Trump says he will sign an executive order to end mail-in ballots, a move critics say faces legal and practical hurdles.
Trump aims to end mail-in voting before 2026 midterms
President Trump said on Monday he plans to end mail-in ballots and that an executive order is being drafted to do so before the 2026 midterm elections. He claimed the order would be written by top lawyers and enforced to bring what he calls honesty to elections. The move would challenge how states run elections, since the Constitution gives states the primary role in regulating voting.
The plan faces steep legal obstacles. Article I, Section 4 of the Constitution vests election regulation in states, and changing that balance would require Congress or a court ruling. Politicians and election experts note that mail-in voting remains a common method in the United States; in 2024 roughly one in three ballots were cast by mail, and the practice was even more prevalent in 2020. Critics also point to the broader reality that many other democracies allow mail voting, which challenges the idea that the United States is unique in needing to avoid it.
The discussion intersects with other recent statements from Trump, including remarks about his meeting with Zelenskyy and a broader stance on election rules. Supporters argue the policy would curb fraud and increase integrity, while skeptics caution that banning mail-in voting could disenfranchise voters who rely on it for accessibility and safety.
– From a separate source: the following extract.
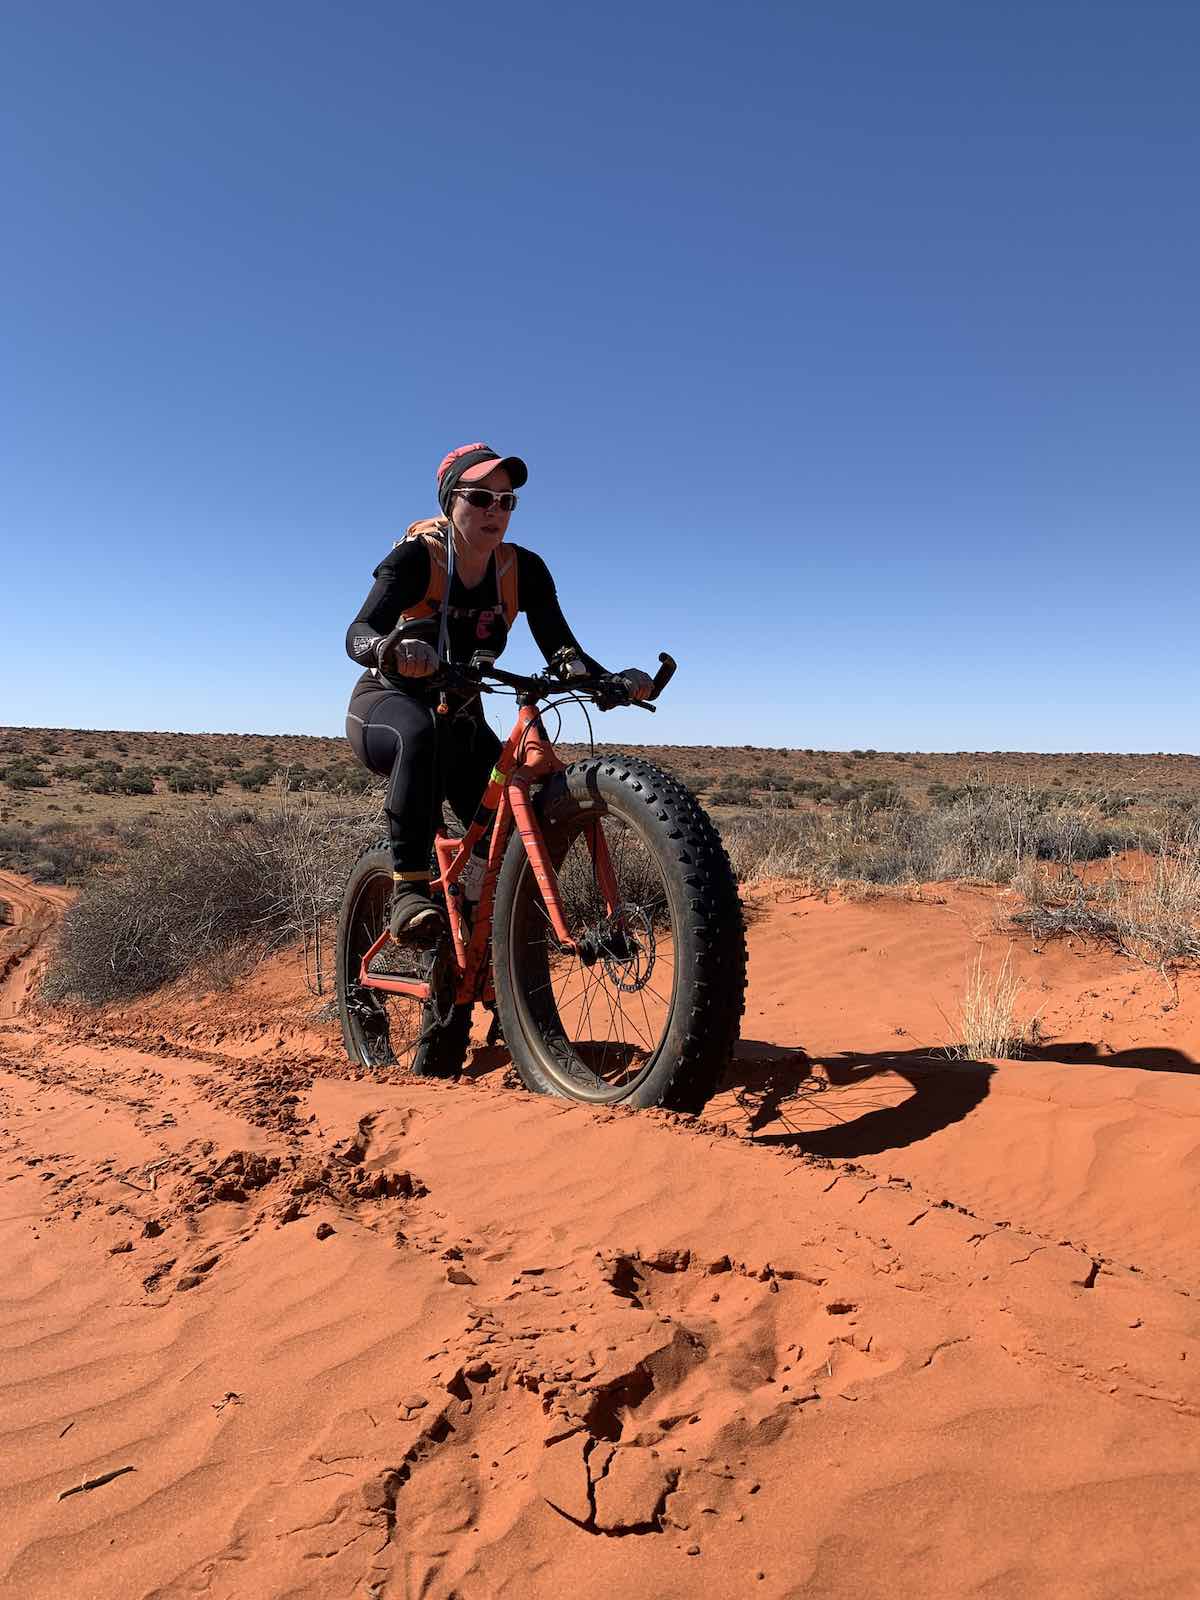 bikerumor pic of the day a cyclist rides a fat tire bicycle on red desert sand, the sky is clear and dark blue, there is brush growing in the flat distance.

Experts such as Debra Cleaver and Christopher Krebs have argued that mail voting has safeguards and that the 2020 vote was among the most secure in U.S. history.
Key Takeaways
"Mail-in ballots are corrupt"
Trump's framing of mail-in voting as inherently fraudulent
"We're going to start with an executive order that's being written right now by the best lawyers in the country to end mail-in ballots"
Trump describing the proposed legal action
"The outgoing ballots have a barcode, and then when you send your ballot in, you put it in a return envelope and that barcode has to match the barcode that was sent out"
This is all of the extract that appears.